Ayam Taliwang


Apa yg bisa saya ceritakan tentang Ayam Taliwang?

Jika ada pertanyaan demikian, apa yang akan saya tulis? Saya akan bercerita tentang kisah-kisah beberapa tahun lalu ketika saya pertama kali menginjak kaki di Pulau Lombok. Waktu itu, bandara masih di Selaparang.

Saya ingat Cakranegara. Pasar-pasarnya dan Pura yg cantik di tengah kota. Saya ingat rumah makan ayam taliwang yg tertua dan terkenal di salah satu sudut pasar.

Saya mengingat Pulau Lombok dalam sayur ares dan sambel beberok.

Saya tidak akan lupa tentang Bebalungan, Jalan Udayana di malam hari, keramaian nasi campur di Rembiga, Mie Ayam yg enak di Ampenan, dan halooow apakah disana masih menyajikan Es Mega Mendung yg dahsyat itu?

Saya mengenang Lombok dalam Gado-gado Suranadi, berbotol-botol air mineral Narmada, air awet muda, dan Sate Lingsar.

Saya tidak akan lupa Kota Mataram yg menyajikan agar-agar kering, tahu yg super dahsyat, terasi yg khas dan desa sayang-sayang.

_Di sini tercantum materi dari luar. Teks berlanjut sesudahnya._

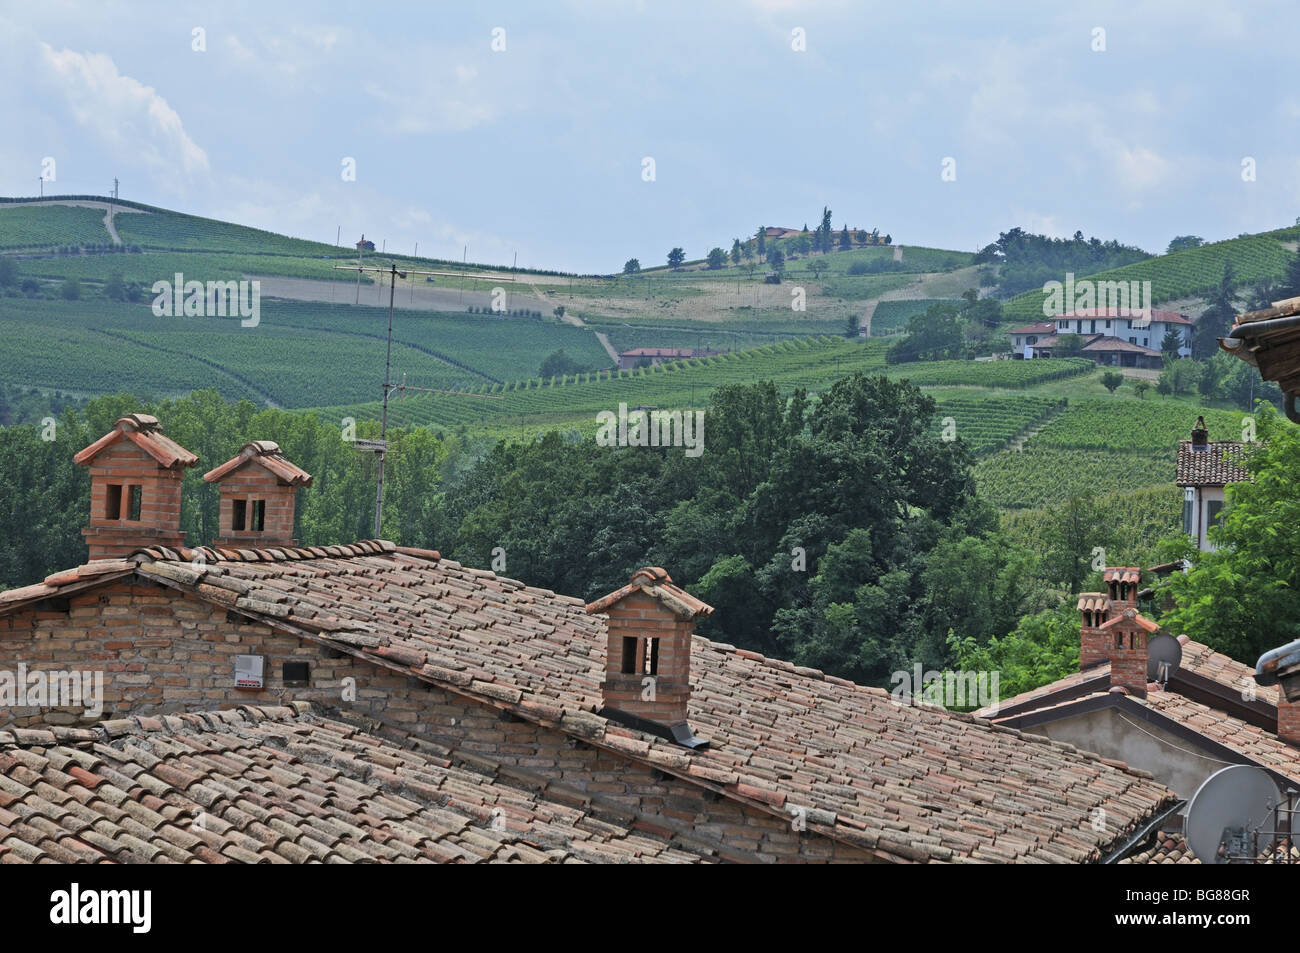 Clay tiled roofs and views of the vineyards around Barolo castle Langhe Piedmont Italy Stock Photo

Jika semua orang mengingat Lombok hanya dengan Gili dan plencing. Saya mengingat lombok dengan kenangan di tiap sudutnya.

Kesasar di Benang Kelambu. Ban kempes di Senggigi. Mblusukkan di hutan Pusuk, Loang Baloq dan kebakaran di gili.

Di tahun-tahun berikutnya, saya masih ke Lombok. Tapi yang pertama kali, tetap tak terlupakan.

Rasanya kok saya rindu menjadi muda dan gila. Saya rindu teman-teman saya yg dulu bahagia, tapi sekarang bahkan tak punya waktu luang untuk diri sendiri.

Saya rindu sudut pandang kita saat berlibur. Rindu obrolan-obrolan kita di kala pagi dan sebelum tidur. Rindu pada ayam taliwang yg kita makan bersama di Pasar Cakra.